Spring 2014 - 63515 - PA388K - Advanced Topics in Public Policy

Information Technology Policy for a Networked World

The transformative technological innovations of the post-World  War II global economy-- the transistor, the computer, and computer networks-- have created fundamental new challenges to established concepts of privacy, national and personal security, and intellectual property, and have transformed the delivery of entertainment, education, government, and health services, and the economic organization of public utilities and services. Inequality in access to information technology, and information, goods, and services delivered over the Net, has become a parallel and distinctive dimension to the differences in income and wealth among individuals, groups, regions, and nations which have traditionally driven important policy debates.

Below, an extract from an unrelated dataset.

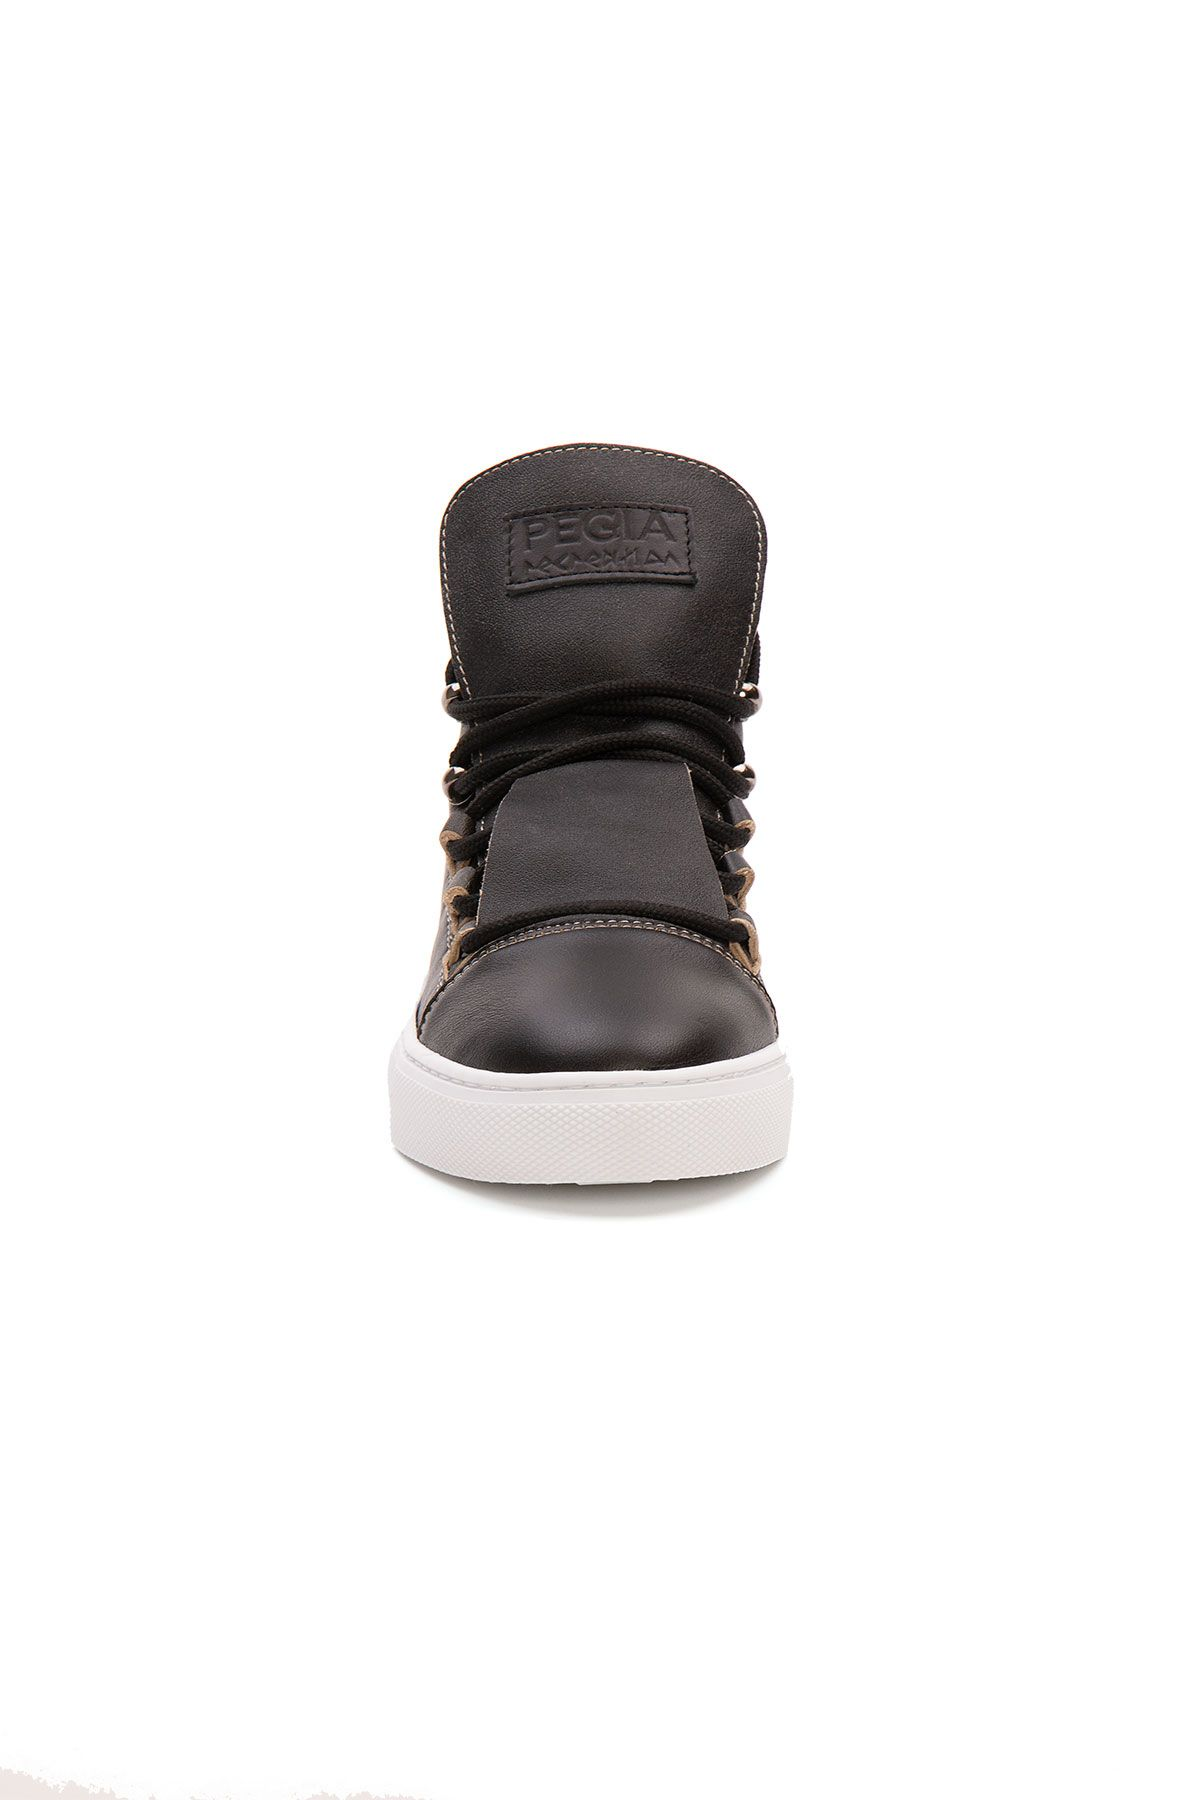 Pegia Hakiki Deri Kadın Sneaker LA1326 Siyah

The first half of this class will investigate historical, political, legal, and economic frameworks for understand unique policy issues affecting the adoption, application, use, and misuse of information technology by government, businesses, and individuals. The second half of the class will apply these frameworks to actual case studies of information technology policy issues.

Students will be reviewing and presenting on the literature in class on a weekly basis, and will also form teams, and present a group project in class towards the end of the semester, as an integral part of the class. The writeup of the group project will be handed in as a group term paper.

The LBJ School's Applied Microeconomics for Policy Analysis, or its equivalent, is a prerequisite for this class.